Катя не была привязана к офису, она могла работать и дома, причем сколько пожелает, но ей нравилось погружаться в разноцветную суету редакции и плыть к изведанным и новым берегам. Потрескивание принтеров, редко цветущие орхидеи на подоконниках, стопки журналов и газет, обсуждение, смех, вкусные обеды в столовой на первом этаже, аромат кофе практически везде… Ради этого стоило каждое утро спускаться в метро, заходить в вагон и ехать на «Алексеевскую». А вечерний путь домой почти всегда хотелось немного растянуть, будто до конца дня еще куча времени, гуляй сколько хочешь. Катя то застревала в кинотеатре, то в книжном, то в кофейне, где продавали свежевыпеченную сдобу и ароматный черносмородиновый чай.
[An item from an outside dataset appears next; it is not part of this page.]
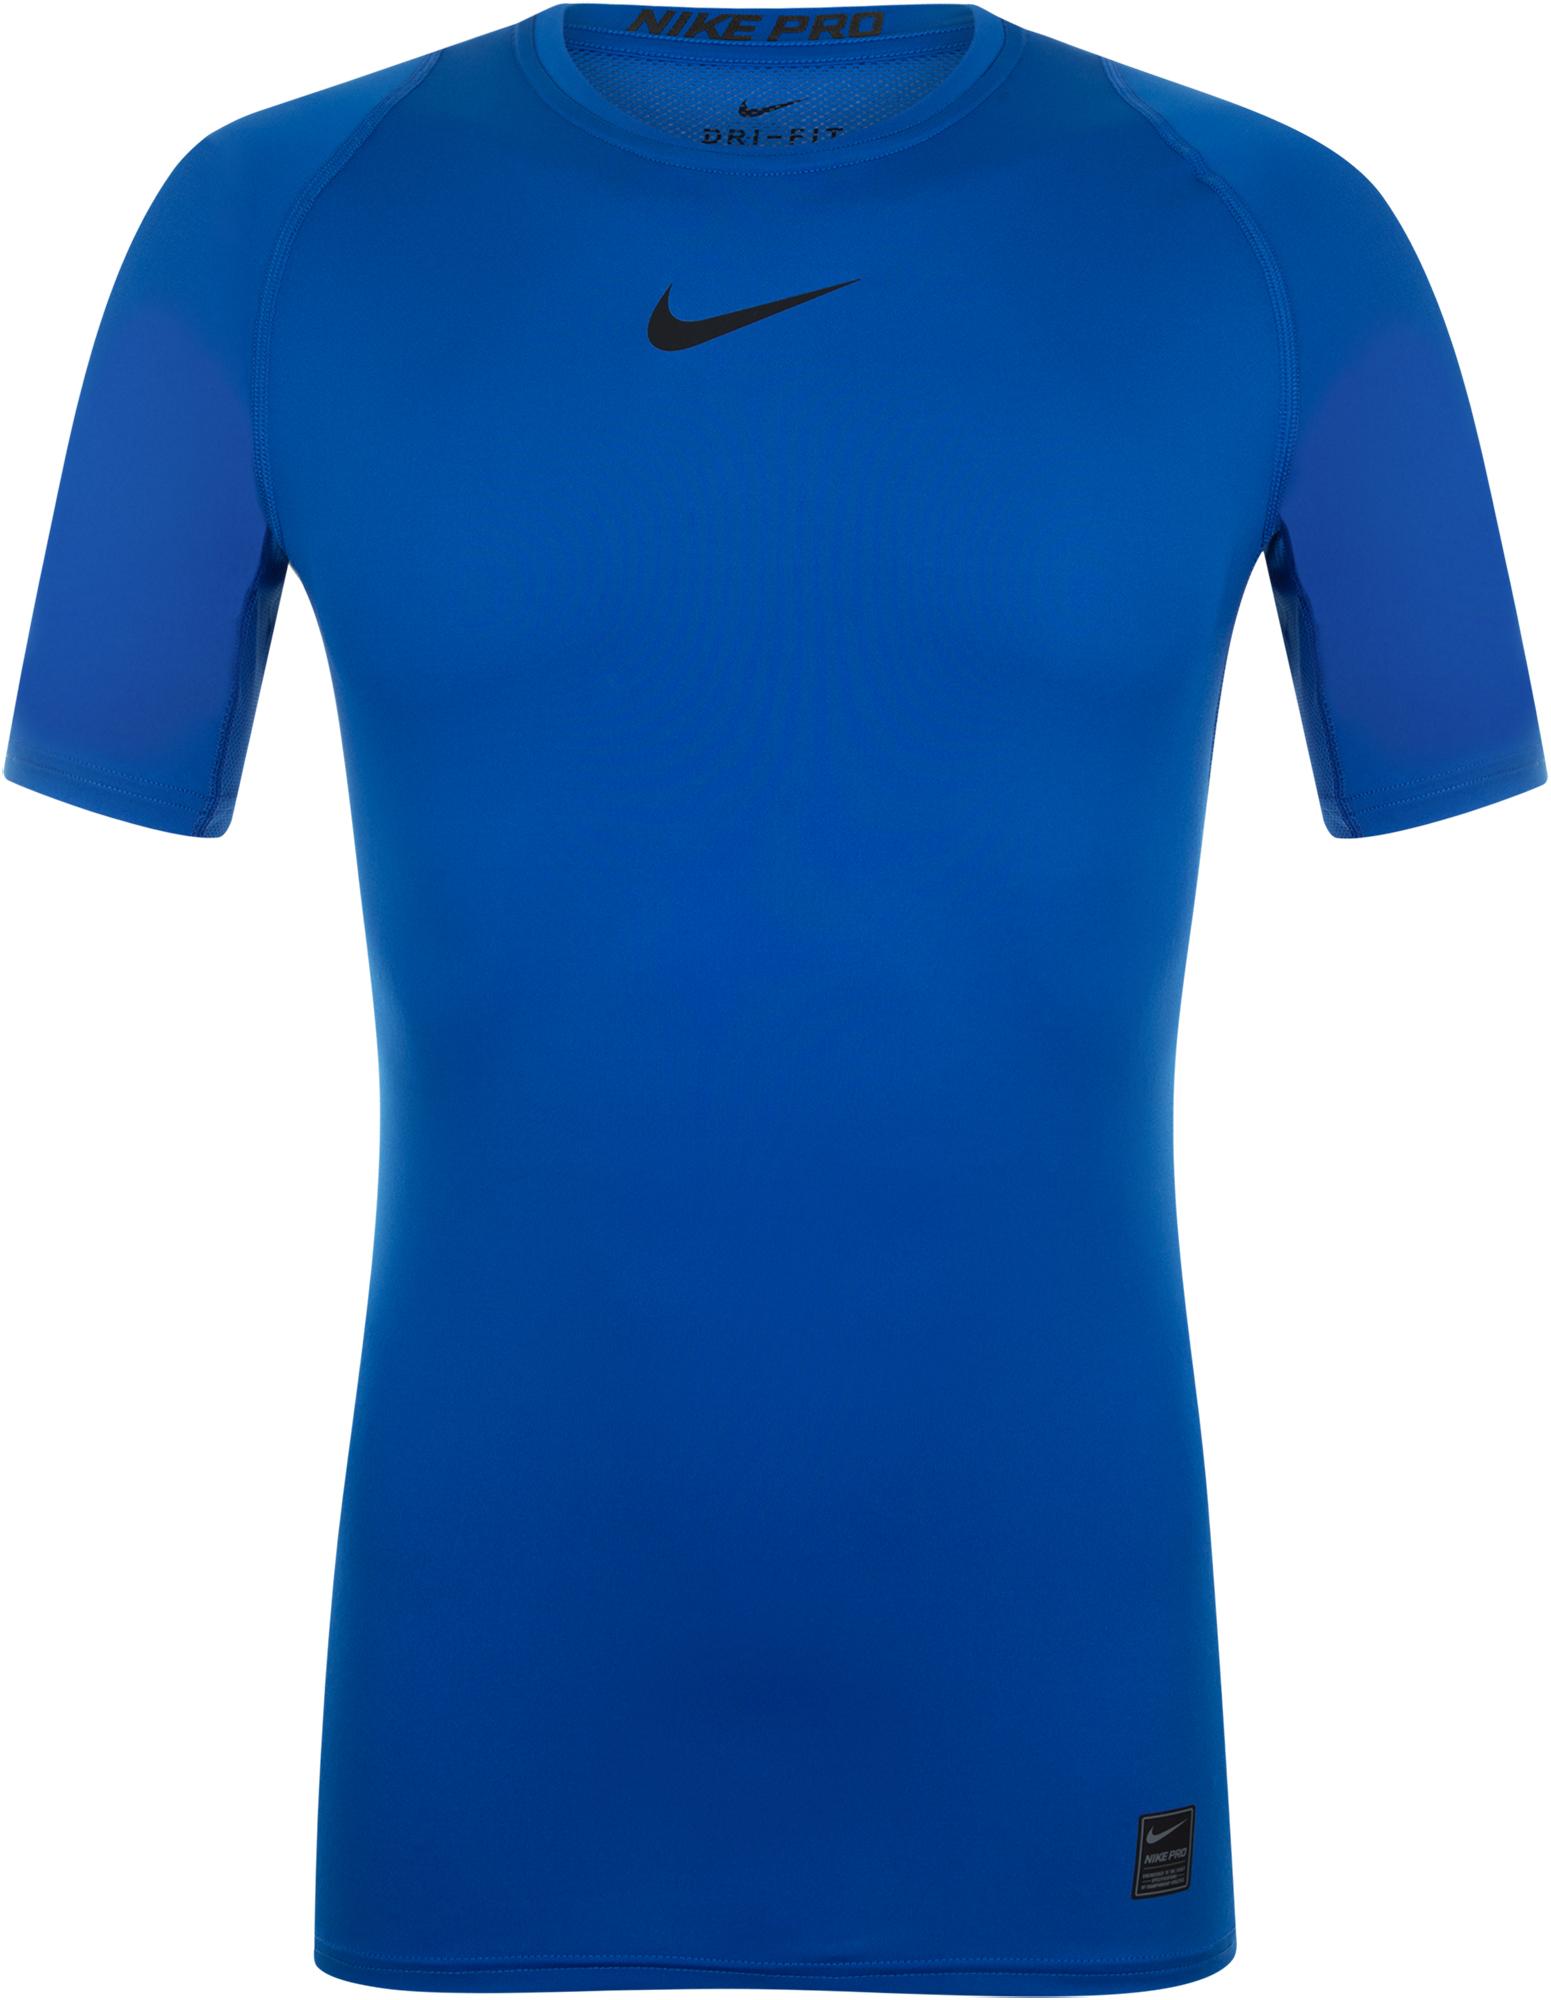 Nike Футболка мужская Nike Pro, размер 46-48 nike футболка мужская nike cool miler

Маленькие столики для желающих быстро перекусить и вечная надпись мелом на черной доске: «Еще один вкусный день».
Родители остались в Питере, несколько раз в год Катя устремлялась к ним, накупив гору подарков. Праздники, конечно, только вместе. Около лифта ее традиционно встречал аромат медово-яблочного кекса, а уж затем теплая улыбка мамы и сдержанная отца. Скучание на два города, но так получилось и иначе уже не представлялось возможным.
А еще в Питере остался осколок разбившейся вдребезги любви, длившейся три непростых года и закончившейся сухим: «Извини, я встретил другую». Честно, и то хорошо, могло быть хуже. Сейчас Катя не понимала, отчего так страдала, то есть чуть-чуть, самую малость, больно и теперь, но тогда казалось, будто сердце обложили хорошо высушенными дровами и подожгли. Как же ярко и губительно оно горело, как неистово билось и просило пощады… Нет, любовь больше не нужна. Зачем? Может, через сто лет, если закроют любимую кофейню с миндальными круассанами и черносмородиновым чаем или государство введет катастрофический налог на одиночество. Катя улыбнулась, открыла дверь подъезда, прошла мимо почтовых ящиков, привычным движением убрала волосы от лица и, угадывая в душе пока еще непонятное предчувствие, остановилась. Голова медленно повернулась влево – именно там, за спиной, осталось нечто важное и пока незамеченное. Стена, трещина… Взгляд почти сразу выхватил помятую, покосившуюся дверцу почтового ящика, которая будто говорила: «Я тут совершенно ни при чем. Висела, никого не трогала, но… Помогите, спасите, теперь меня нужно чинить!»